§ **Task prompt**
In the listing below, find the line containing "EAW CXA160 /" and the line containing "Cloudflare receives DMCA", then copy exactly everything from the first through the second, except the pictures.

§ **Information given**
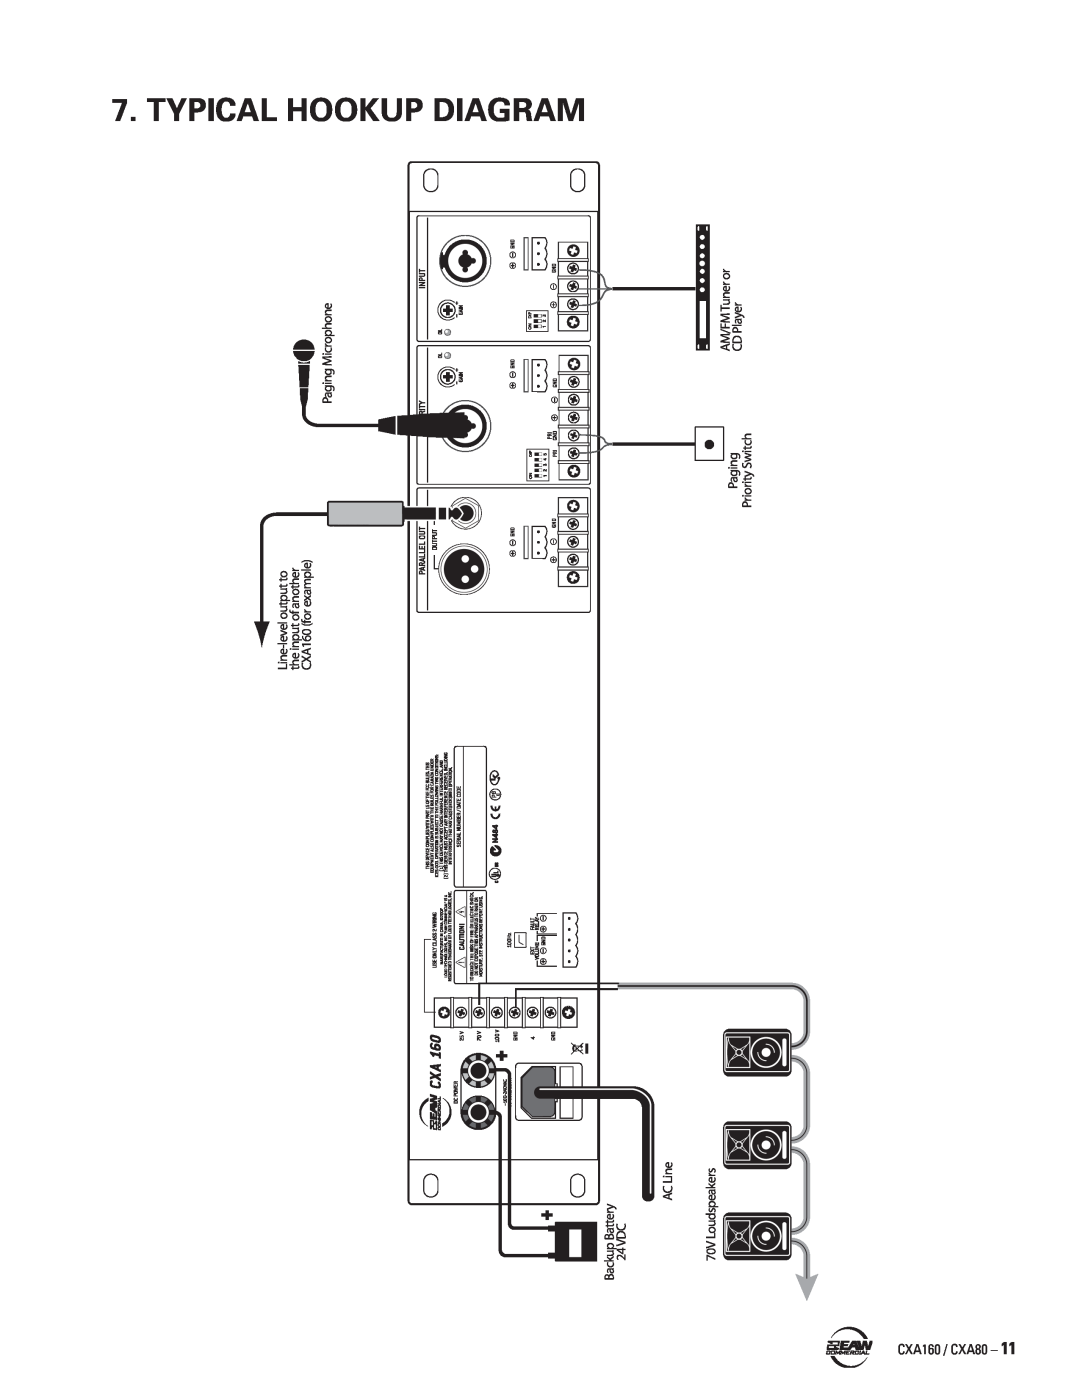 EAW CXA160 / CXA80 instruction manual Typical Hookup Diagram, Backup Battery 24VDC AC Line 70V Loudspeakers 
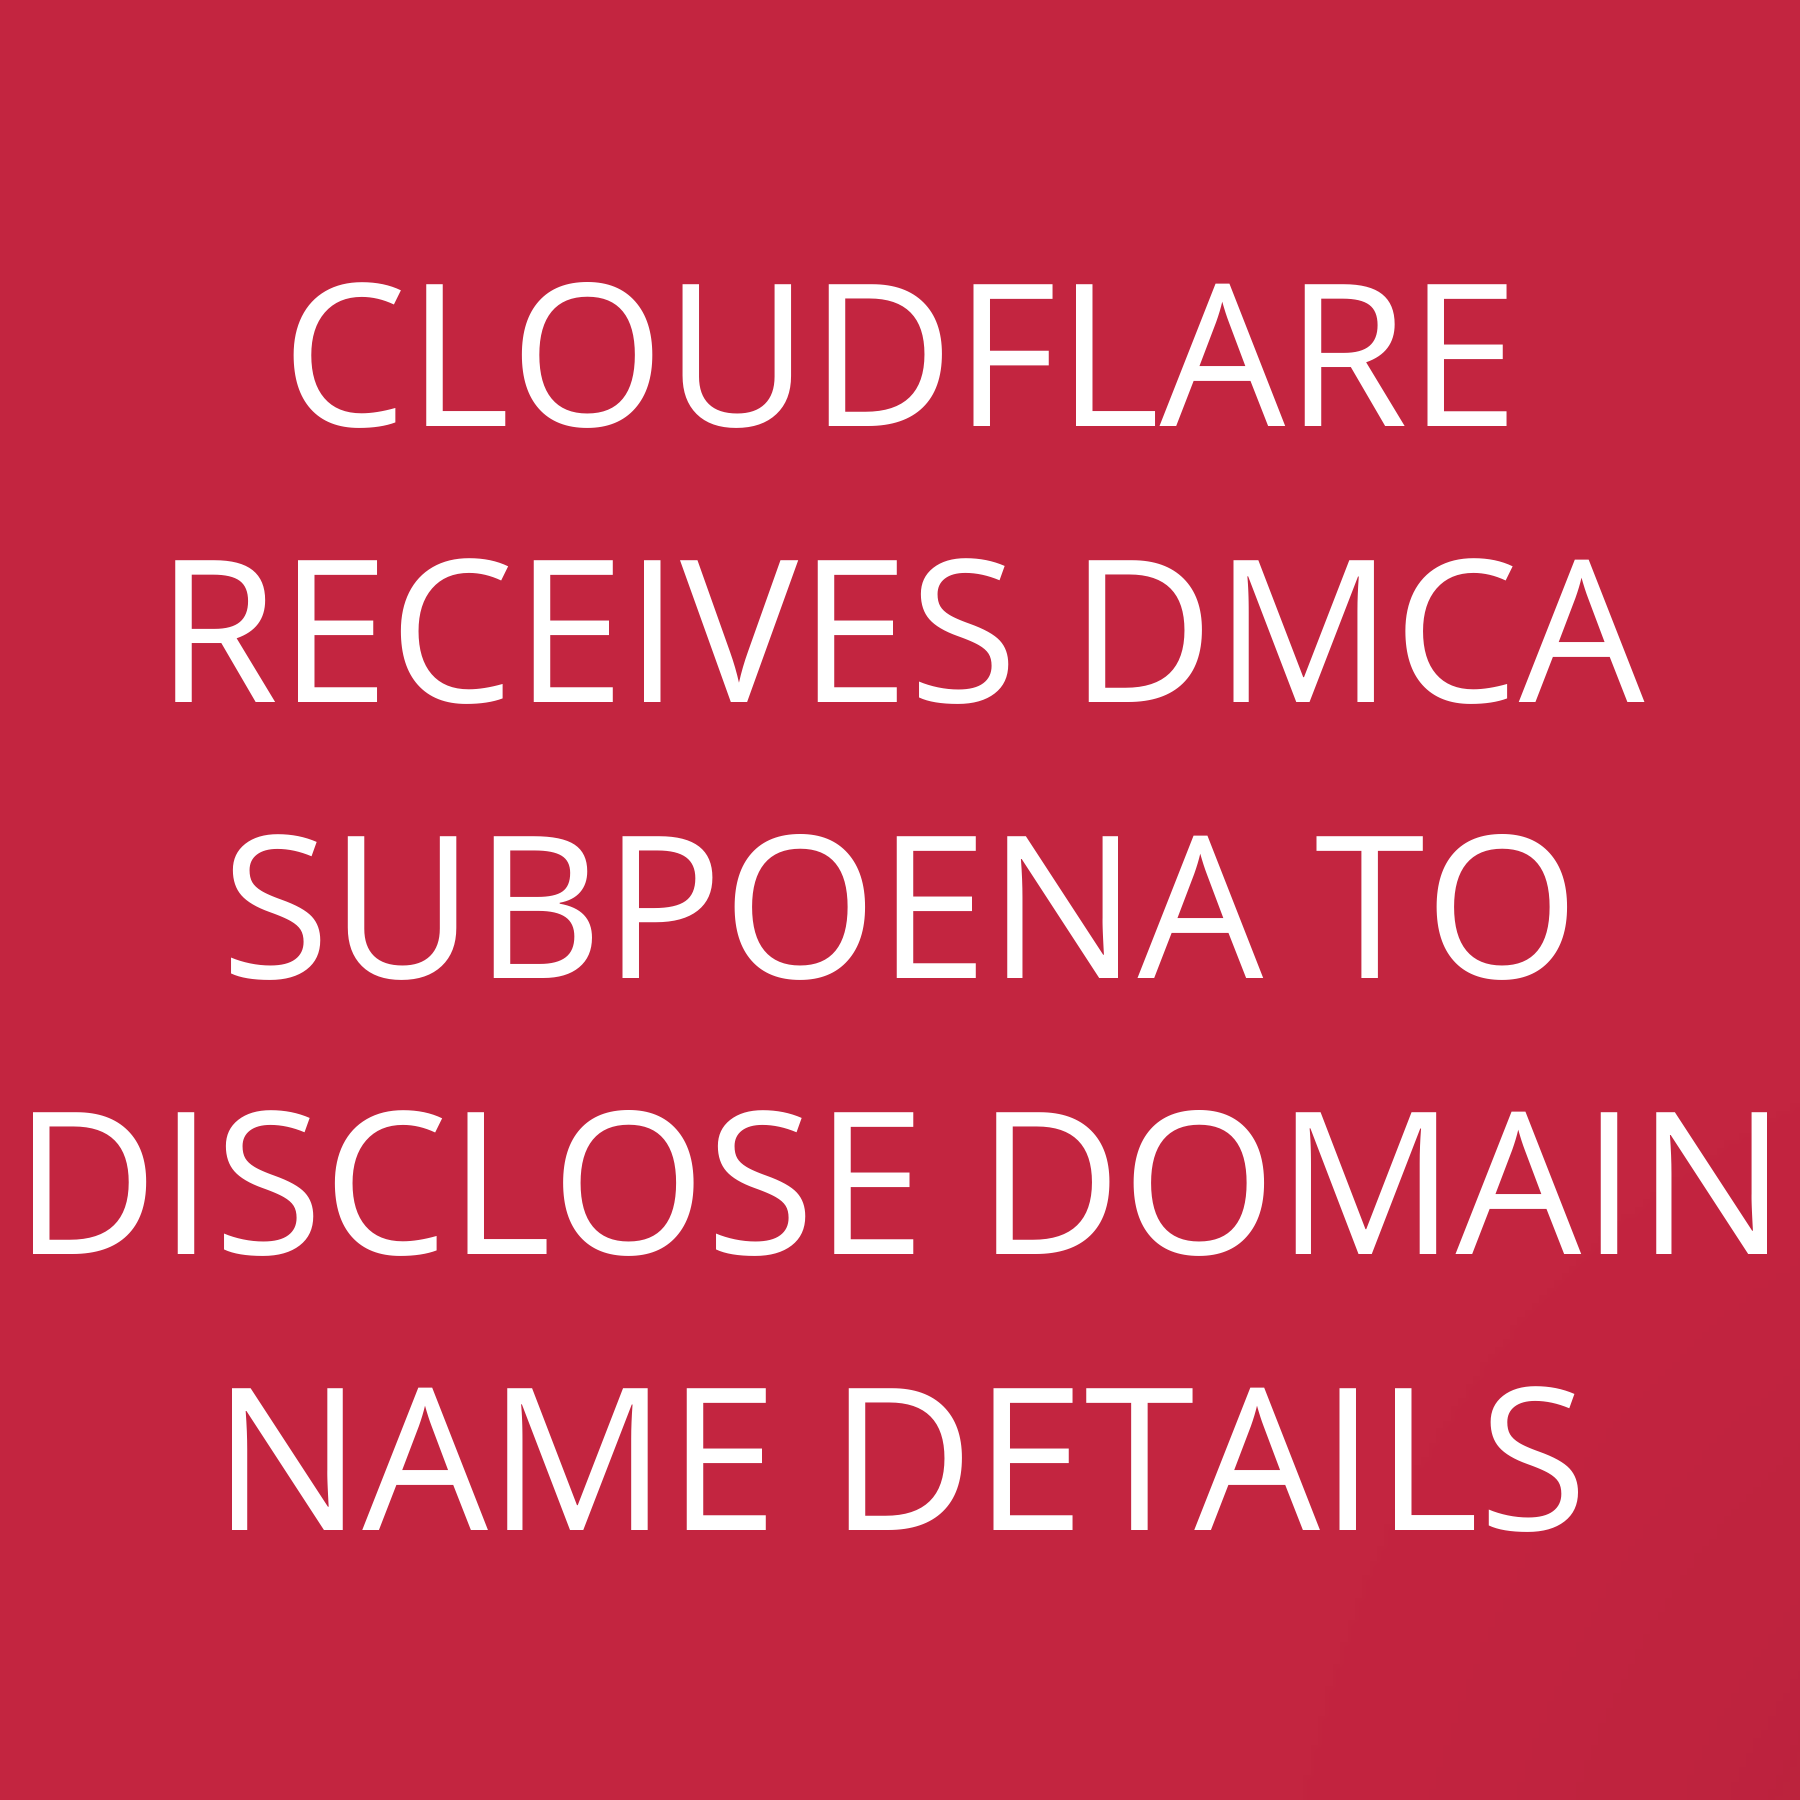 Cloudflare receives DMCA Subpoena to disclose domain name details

--

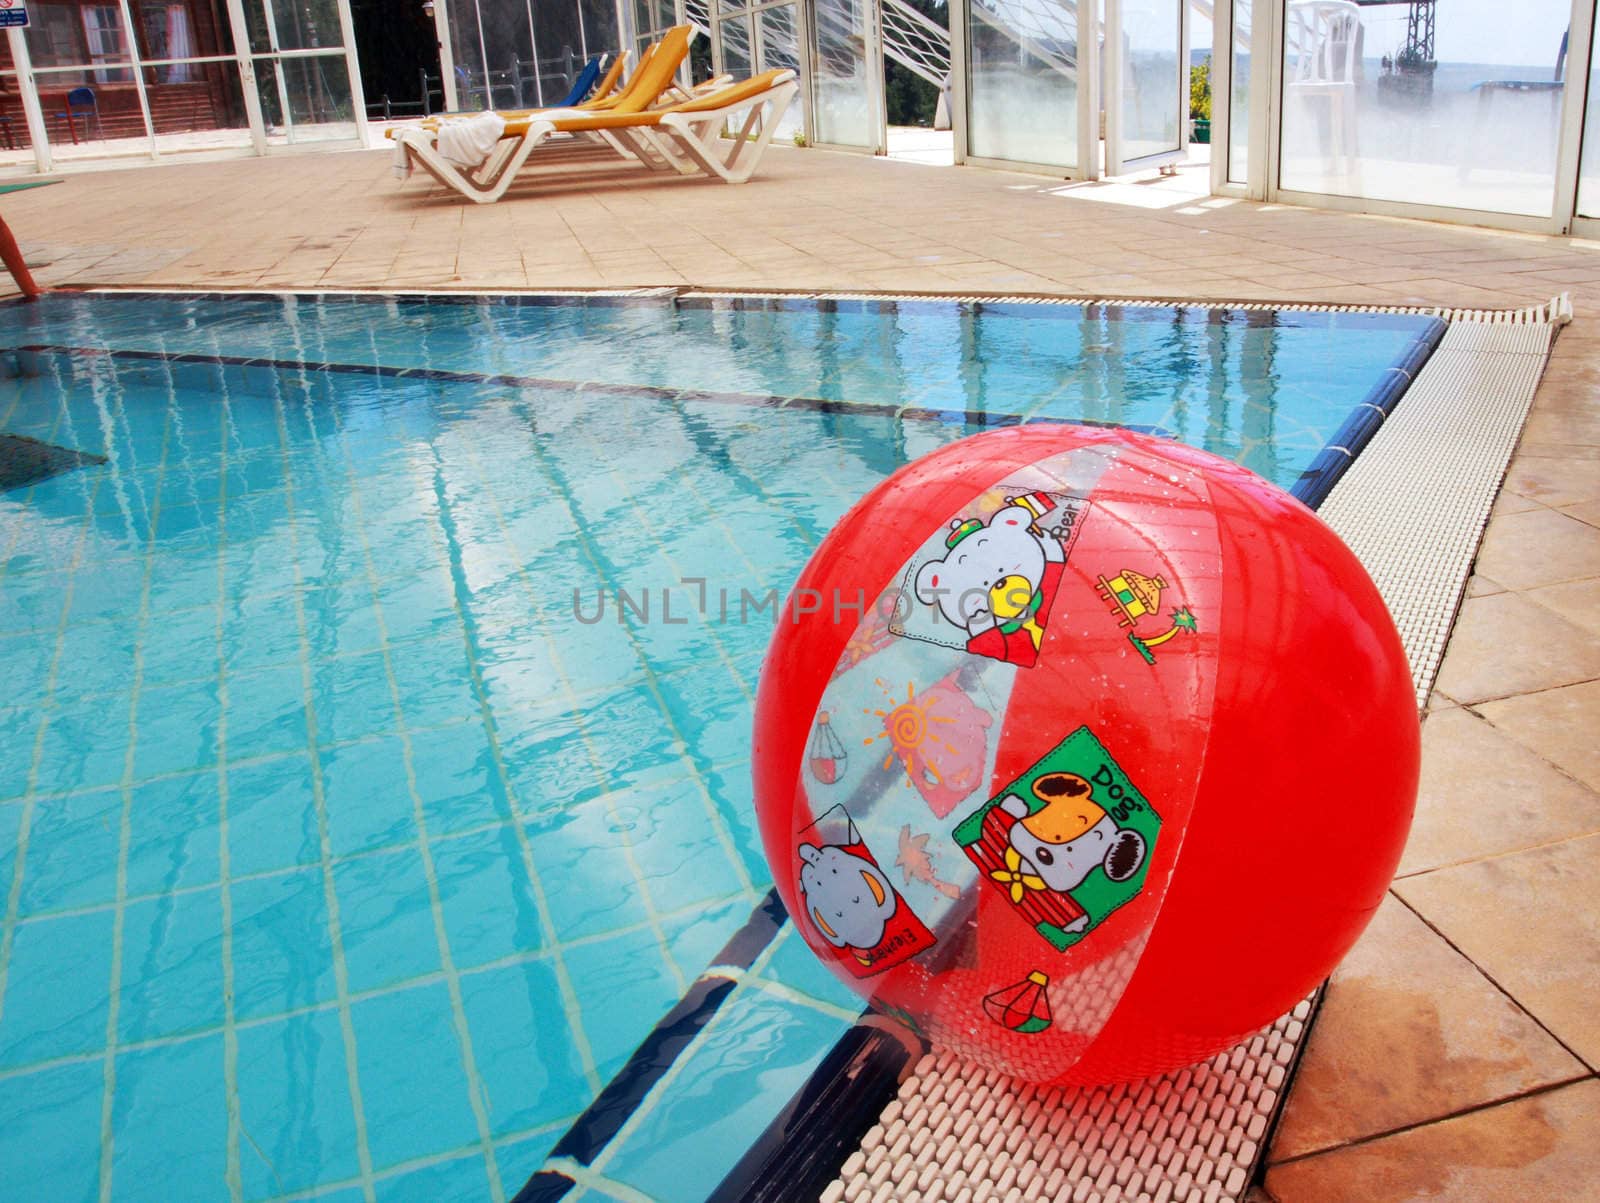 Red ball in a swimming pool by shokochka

§ **Your response**
 EAW CXA160 / CXA80 instruction manual Typical Hookup Diagram, Backup Battery 24VDC AC Line 70V Loudspeakers 
 Cloudflare receives DMCA Subpoena to disclose domain name details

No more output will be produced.